__Work to be completed__
Transcribe the stretch of entries below from the line with "Sommerliche Hochzeitsreportage auf" through the line with "目を覚ます知覚できる検証肌ラボ 白潤プレミアム 薬用浸透美白化粧水", exactly and with both ends included; leave out all other lines.

[Data items]
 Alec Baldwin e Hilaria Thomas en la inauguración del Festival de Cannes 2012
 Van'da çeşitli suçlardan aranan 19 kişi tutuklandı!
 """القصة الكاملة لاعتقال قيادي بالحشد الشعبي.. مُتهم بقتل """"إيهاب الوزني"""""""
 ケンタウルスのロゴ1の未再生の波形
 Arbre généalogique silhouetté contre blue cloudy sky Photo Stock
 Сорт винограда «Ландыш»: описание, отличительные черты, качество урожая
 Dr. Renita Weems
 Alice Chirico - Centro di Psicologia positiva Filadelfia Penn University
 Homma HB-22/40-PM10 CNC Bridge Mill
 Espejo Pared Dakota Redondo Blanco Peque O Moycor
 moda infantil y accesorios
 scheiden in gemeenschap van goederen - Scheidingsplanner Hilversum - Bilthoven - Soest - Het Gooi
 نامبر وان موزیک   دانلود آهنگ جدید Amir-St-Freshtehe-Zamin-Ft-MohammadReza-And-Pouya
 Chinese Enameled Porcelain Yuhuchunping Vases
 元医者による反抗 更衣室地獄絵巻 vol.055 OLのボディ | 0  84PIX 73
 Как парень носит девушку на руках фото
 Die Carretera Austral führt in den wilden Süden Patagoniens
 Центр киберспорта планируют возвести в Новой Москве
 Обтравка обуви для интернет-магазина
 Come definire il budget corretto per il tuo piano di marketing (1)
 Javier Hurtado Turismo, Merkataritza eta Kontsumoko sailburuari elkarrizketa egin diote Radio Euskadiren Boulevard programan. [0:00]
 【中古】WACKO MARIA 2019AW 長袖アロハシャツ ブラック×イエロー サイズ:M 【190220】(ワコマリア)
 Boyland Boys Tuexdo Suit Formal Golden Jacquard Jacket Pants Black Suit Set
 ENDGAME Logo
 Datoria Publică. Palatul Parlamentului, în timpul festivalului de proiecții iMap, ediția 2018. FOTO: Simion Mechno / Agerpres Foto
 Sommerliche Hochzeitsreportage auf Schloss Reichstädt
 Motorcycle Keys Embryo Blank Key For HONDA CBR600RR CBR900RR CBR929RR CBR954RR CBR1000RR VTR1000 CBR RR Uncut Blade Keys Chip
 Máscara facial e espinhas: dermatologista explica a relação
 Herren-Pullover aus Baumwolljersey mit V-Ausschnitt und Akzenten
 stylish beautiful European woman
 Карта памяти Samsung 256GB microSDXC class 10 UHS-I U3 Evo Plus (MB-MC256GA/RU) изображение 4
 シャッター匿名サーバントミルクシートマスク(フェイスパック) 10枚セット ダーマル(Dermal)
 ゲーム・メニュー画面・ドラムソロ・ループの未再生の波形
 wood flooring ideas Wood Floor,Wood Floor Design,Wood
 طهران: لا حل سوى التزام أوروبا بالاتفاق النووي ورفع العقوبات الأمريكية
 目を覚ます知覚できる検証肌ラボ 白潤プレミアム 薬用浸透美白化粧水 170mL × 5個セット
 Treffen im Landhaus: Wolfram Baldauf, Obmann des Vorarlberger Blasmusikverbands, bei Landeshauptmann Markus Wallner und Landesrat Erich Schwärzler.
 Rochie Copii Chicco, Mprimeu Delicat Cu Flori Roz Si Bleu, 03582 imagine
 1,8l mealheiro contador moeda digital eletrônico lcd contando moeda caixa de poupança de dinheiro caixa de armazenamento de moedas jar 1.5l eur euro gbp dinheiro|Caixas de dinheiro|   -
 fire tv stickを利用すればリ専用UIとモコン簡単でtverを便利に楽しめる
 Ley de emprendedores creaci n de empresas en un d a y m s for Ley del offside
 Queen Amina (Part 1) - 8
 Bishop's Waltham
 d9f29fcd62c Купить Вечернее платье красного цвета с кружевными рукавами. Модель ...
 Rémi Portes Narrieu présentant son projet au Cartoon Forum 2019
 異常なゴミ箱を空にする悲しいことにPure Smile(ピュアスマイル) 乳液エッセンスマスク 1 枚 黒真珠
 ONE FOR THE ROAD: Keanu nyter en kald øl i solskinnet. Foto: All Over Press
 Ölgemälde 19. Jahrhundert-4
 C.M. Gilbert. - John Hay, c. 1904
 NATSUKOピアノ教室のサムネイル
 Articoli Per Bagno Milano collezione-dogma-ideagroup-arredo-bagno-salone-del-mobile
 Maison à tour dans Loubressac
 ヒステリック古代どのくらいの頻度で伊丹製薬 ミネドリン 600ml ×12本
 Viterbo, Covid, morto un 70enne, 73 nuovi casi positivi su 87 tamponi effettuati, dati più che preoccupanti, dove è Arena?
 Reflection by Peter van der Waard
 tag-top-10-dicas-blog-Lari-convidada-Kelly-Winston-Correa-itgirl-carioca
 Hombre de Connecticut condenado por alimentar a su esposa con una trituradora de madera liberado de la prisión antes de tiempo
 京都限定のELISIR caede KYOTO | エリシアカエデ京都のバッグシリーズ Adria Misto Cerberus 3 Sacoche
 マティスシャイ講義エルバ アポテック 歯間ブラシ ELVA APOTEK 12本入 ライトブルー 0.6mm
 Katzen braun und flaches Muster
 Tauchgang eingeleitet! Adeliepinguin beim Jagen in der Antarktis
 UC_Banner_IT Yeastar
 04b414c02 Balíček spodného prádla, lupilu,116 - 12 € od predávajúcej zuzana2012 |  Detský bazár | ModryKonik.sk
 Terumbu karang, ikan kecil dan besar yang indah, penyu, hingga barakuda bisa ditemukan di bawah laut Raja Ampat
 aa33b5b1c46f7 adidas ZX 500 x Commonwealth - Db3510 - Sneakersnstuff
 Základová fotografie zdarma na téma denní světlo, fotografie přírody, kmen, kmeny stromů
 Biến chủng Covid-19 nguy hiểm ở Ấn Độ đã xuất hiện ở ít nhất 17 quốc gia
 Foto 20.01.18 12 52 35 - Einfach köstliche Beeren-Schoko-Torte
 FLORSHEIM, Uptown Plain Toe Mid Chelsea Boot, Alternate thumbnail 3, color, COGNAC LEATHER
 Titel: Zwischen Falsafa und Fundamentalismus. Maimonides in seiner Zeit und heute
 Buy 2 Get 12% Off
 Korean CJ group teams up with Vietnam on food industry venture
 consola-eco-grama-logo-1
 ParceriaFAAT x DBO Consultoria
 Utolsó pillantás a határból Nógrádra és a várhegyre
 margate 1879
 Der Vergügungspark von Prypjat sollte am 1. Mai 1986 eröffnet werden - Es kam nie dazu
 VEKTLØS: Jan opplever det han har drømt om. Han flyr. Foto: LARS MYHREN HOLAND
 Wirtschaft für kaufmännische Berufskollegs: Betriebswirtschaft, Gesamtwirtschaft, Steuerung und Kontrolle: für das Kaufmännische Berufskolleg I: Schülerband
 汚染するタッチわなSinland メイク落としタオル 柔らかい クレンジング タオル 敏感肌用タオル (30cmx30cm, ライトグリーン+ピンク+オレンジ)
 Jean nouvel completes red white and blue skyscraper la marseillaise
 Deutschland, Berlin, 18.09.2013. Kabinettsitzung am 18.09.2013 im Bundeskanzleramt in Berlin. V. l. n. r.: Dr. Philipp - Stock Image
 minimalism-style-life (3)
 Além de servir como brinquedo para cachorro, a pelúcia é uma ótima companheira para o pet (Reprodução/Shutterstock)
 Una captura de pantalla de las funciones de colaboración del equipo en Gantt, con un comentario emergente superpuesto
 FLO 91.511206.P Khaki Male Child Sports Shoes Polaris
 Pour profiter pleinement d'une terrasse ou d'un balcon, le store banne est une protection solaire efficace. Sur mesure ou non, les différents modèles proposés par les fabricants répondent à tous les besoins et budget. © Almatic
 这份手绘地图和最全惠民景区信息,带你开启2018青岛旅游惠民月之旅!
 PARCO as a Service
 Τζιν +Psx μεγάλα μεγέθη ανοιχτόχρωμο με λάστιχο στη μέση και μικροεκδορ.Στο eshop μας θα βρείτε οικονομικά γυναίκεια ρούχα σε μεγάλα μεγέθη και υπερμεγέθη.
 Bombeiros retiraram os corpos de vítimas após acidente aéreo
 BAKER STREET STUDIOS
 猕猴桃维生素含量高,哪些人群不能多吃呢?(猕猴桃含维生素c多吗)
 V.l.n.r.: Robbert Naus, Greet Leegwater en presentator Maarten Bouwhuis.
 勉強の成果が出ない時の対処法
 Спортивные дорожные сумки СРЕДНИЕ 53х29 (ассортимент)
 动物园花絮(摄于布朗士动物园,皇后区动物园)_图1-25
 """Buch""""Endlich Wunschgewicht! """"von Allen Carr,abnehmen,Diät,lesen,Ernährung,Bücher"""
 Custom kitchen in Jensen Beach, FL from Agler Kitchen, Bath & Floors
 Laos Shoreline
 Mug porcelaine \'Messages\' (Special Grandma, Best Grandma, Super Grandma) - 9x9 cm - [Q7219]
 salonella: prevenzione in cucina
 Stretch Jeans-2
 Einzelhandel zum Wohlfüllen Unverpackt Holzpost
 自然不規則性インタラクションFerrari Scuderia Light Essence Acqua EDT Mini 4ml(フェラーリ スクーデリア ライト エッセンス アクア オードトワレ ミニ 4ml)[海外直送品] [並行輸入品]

__Solved exercise__
 Sommerliche Hochzeitsreportage auf Schloss Reichstädt
 Motorcycle Keys Embryo Blank Key For HONDA CBR600RR CBR900RR CBR929RR CBR954RR CBR1000RR VTR1000 CBR RR Uncut Blade Keys Chip
 Máscara facial e espinhas: dermatologista explica a relação
 Herren-Pullover aus Baumwolljersey mit V-Ausschnitt und Akzenten
 stylish beautiful European woman
 Карта памяти Samsung 256GB microSDXC class 10 UHS-I U3 Evo Plus (MB-MC256GA/RU) изображение 4
 シャッター匿名サーバントミルクシートマスク(フェイスパック) 10枚セット ダーマル(Dermal)
 ゲーム・メニュー画面・ドラムソロ・ループの未再生の波形
 wood flooring ideas Wood Floor,Wood Floor Design,Wood
 طهران: لا حل سوى التزام أوروبا بالاتفاق النووي ورفع العقوبات الأمريكية
 目を覚ます知覚できる検証肌ラボ 白潤プレミアム 薬用浸透美白化粧水 170mL × 5個セット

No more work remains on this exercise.